Find the line with "Ryoichi Ikegami Offered" in the records below. Output exactly from there until after the line with "kc royals t shirts", without pictures.

→ EXCERPTED DATA

Start of Block

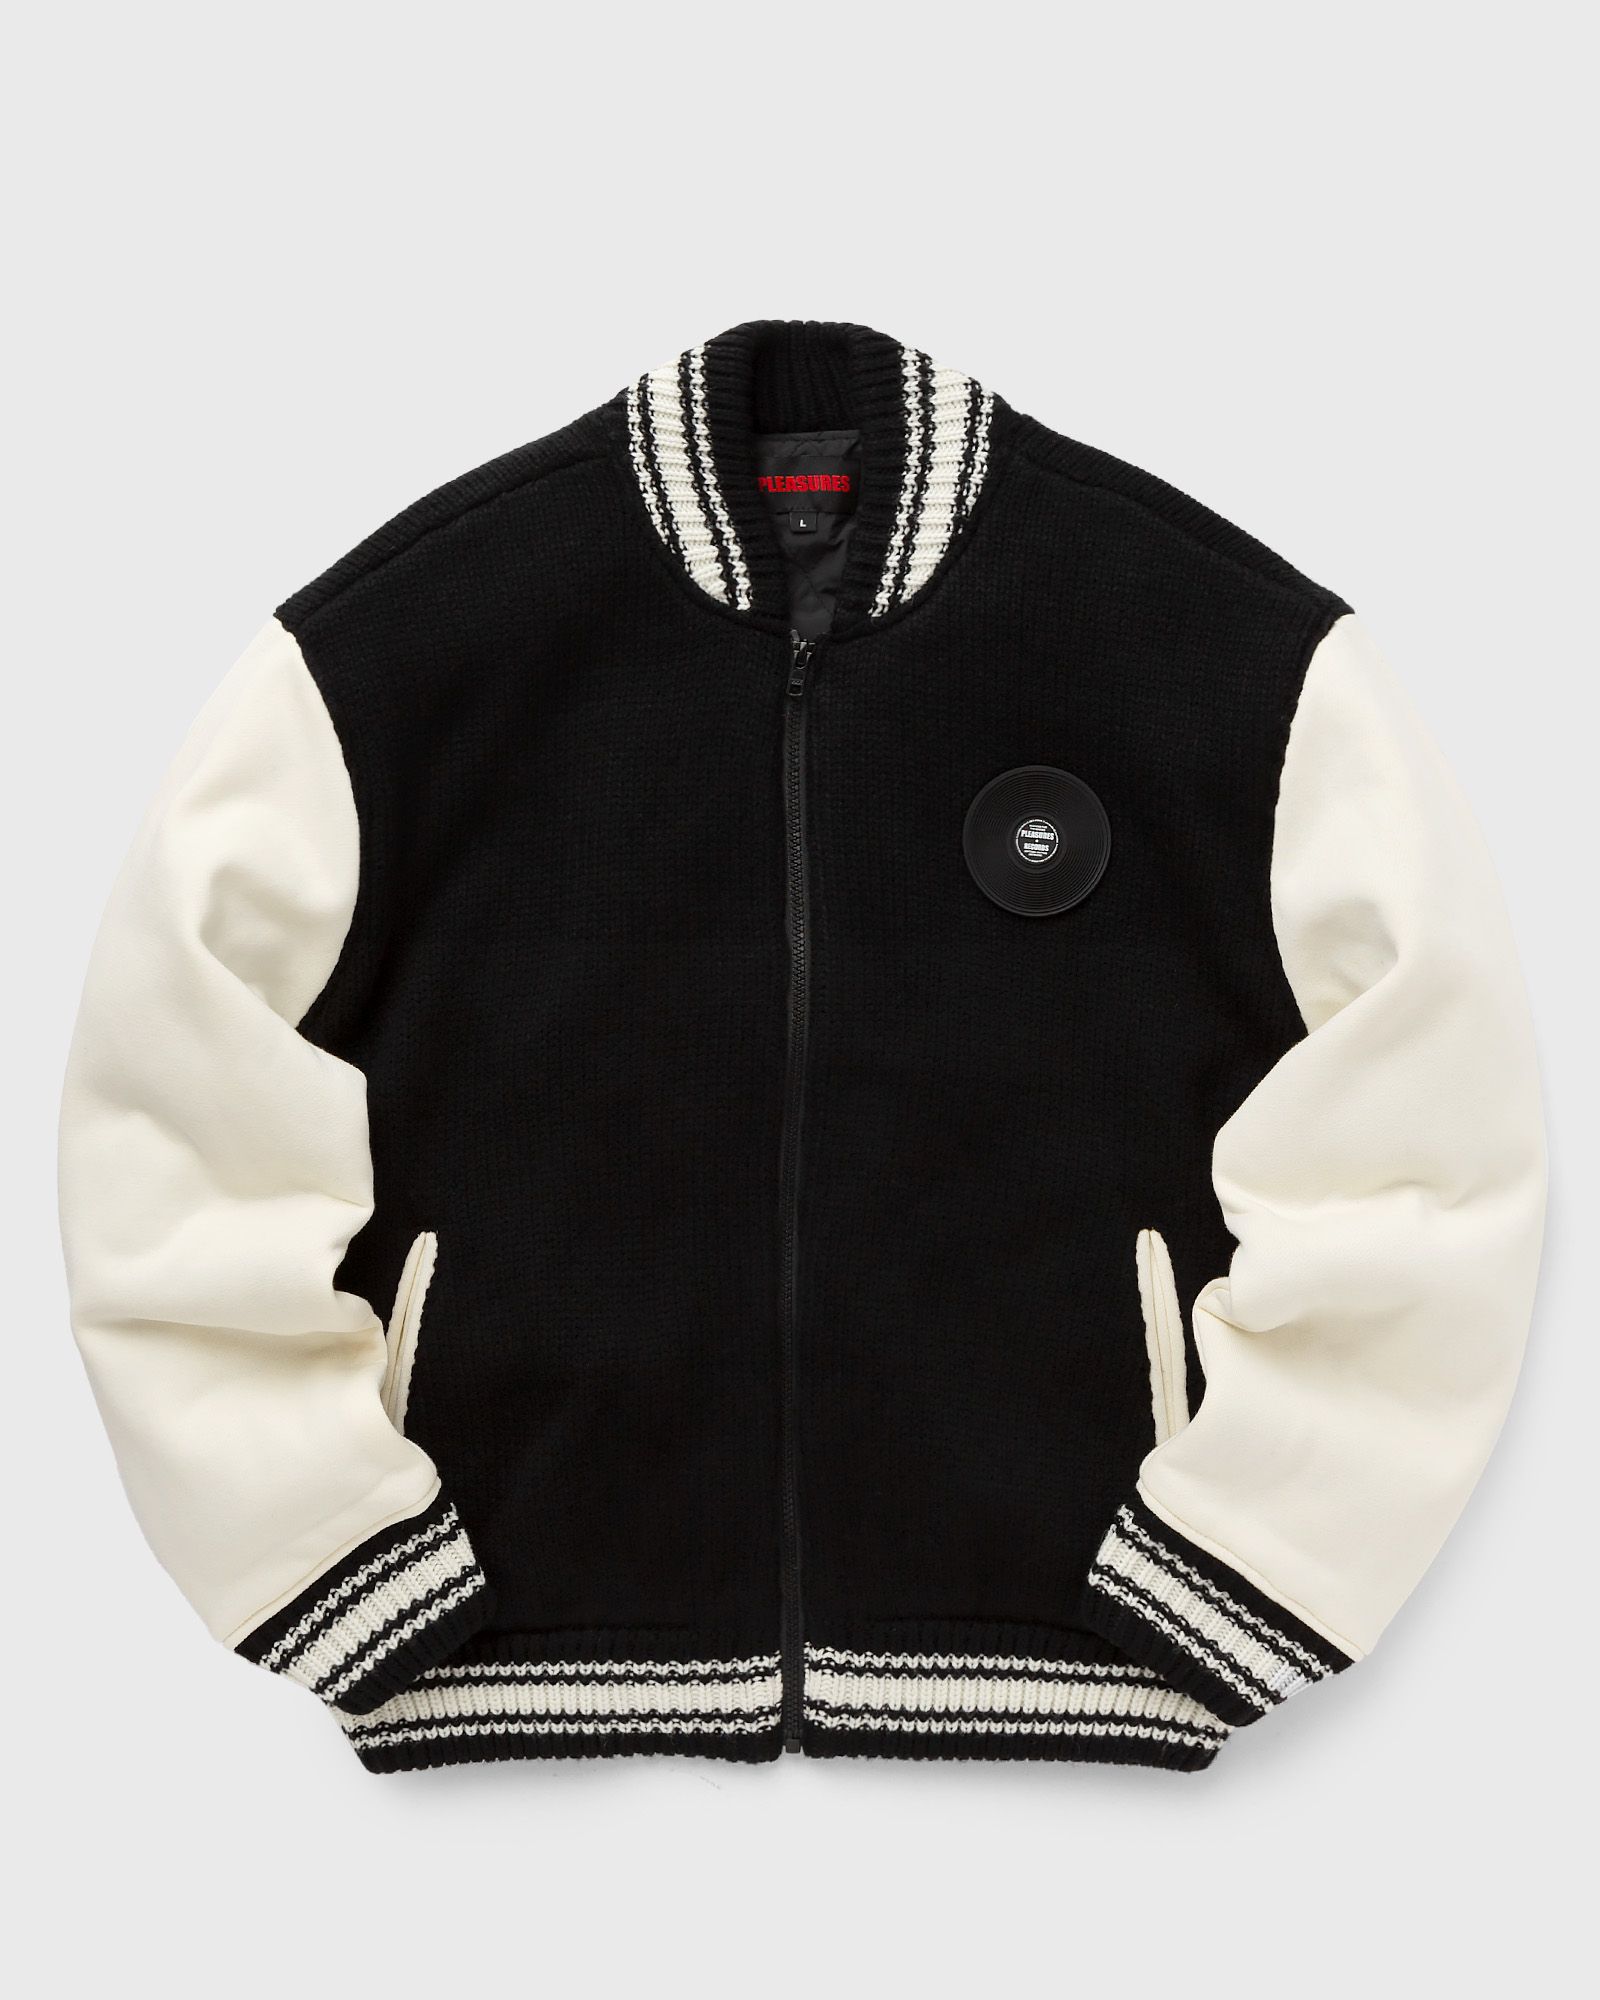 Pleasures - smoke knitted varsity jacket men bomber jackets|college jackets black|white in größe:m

End of Block
Start of Block

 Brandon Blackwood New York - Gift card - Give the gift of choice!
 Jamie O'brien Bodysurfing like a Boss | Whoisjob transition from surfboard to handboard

End of Block
Start of Block

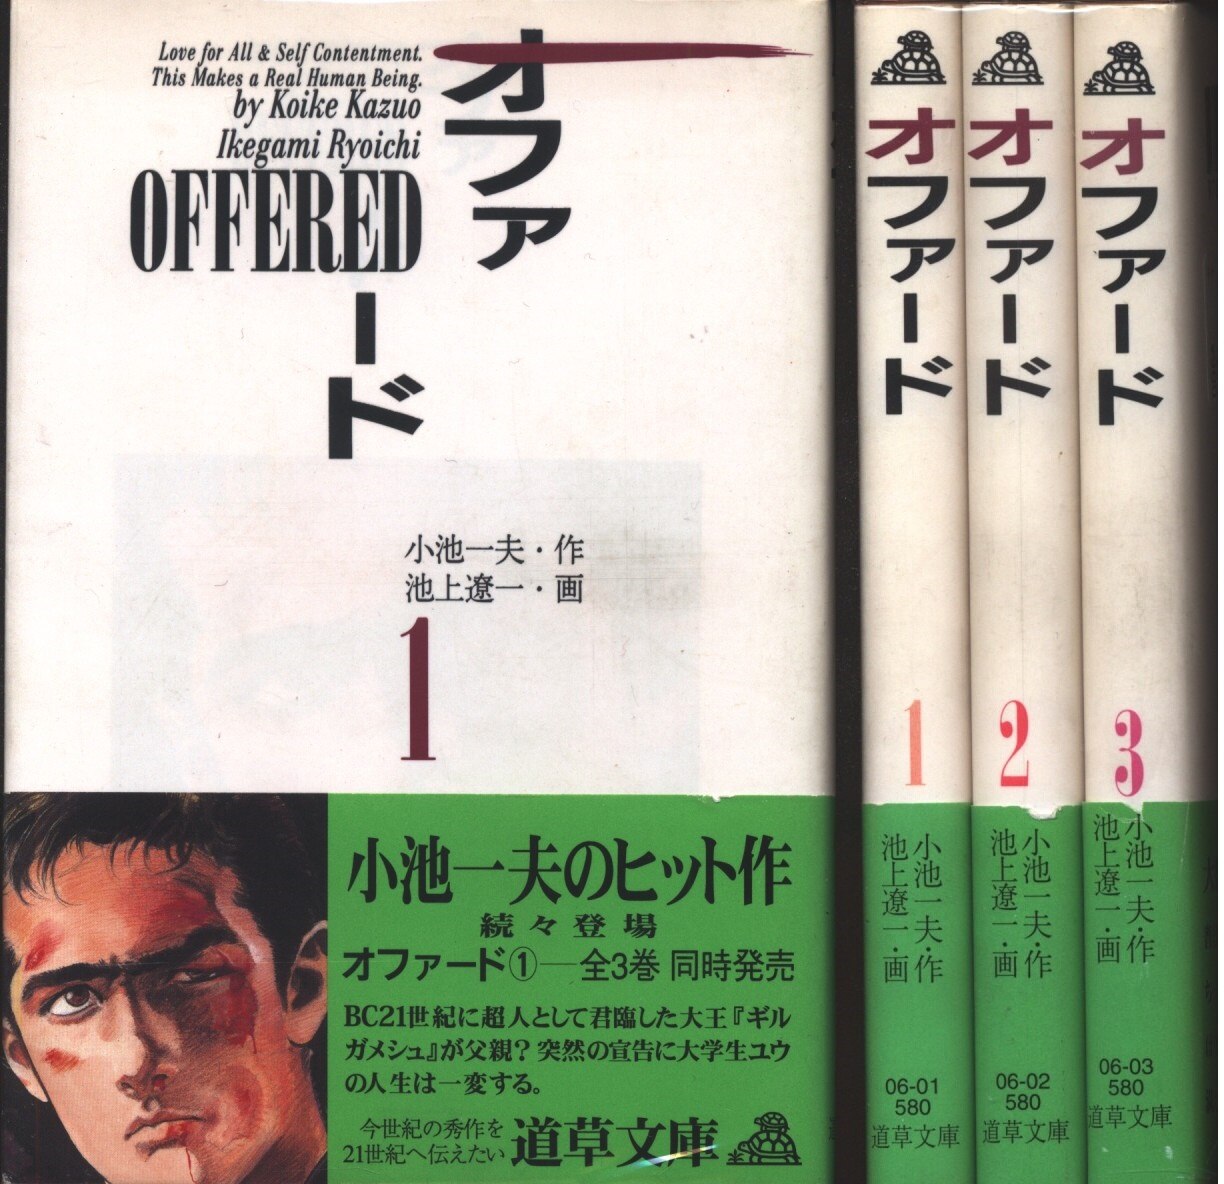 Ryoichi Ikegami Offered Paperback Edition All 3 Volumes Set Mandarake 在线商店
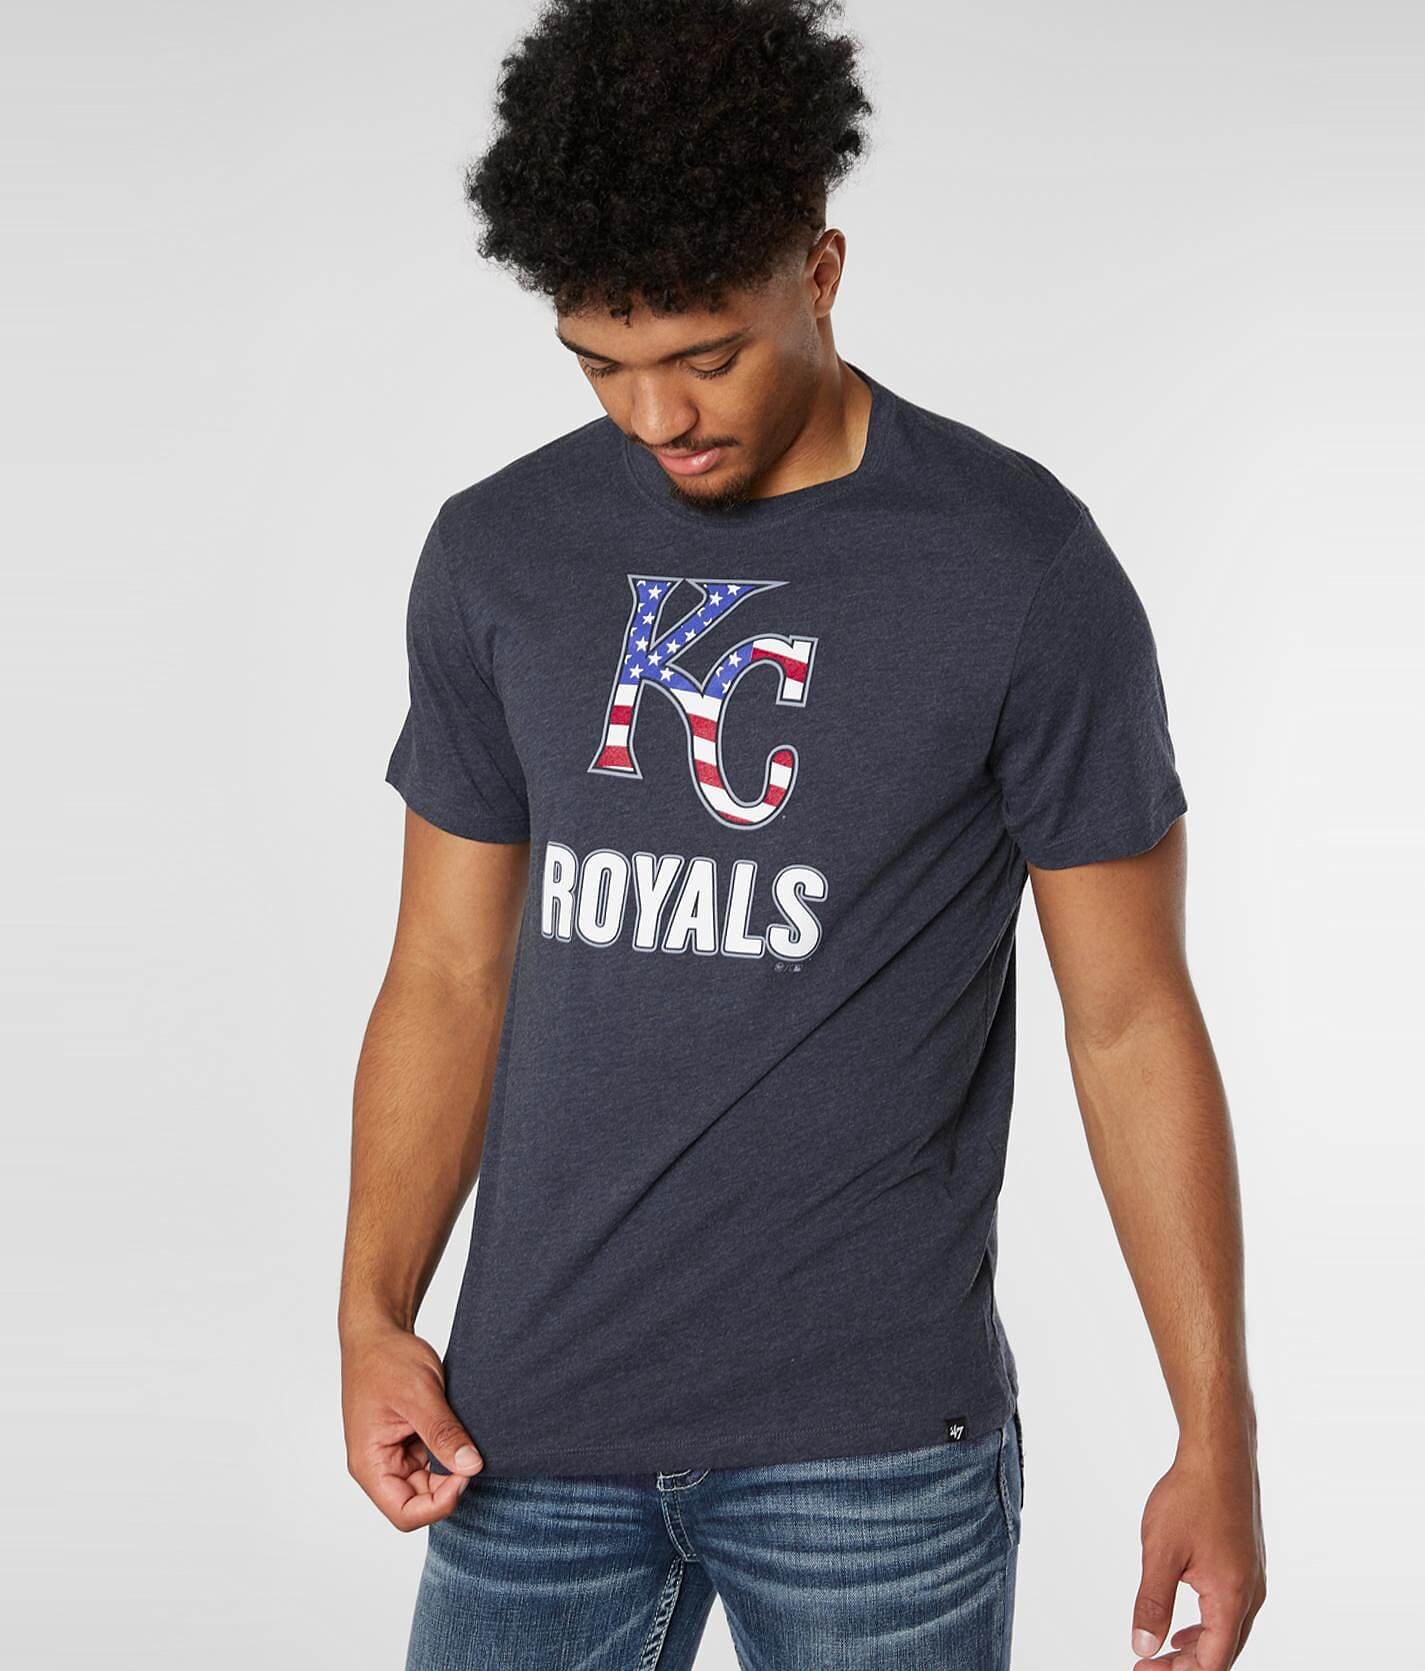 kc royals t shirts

End of Block

→ ANSWER FOR THE TASK
 Ryoichi Ikegami Offered Paperback Edition All 3 Volumes Set Mandarake 在线商店
 kc royals t shirts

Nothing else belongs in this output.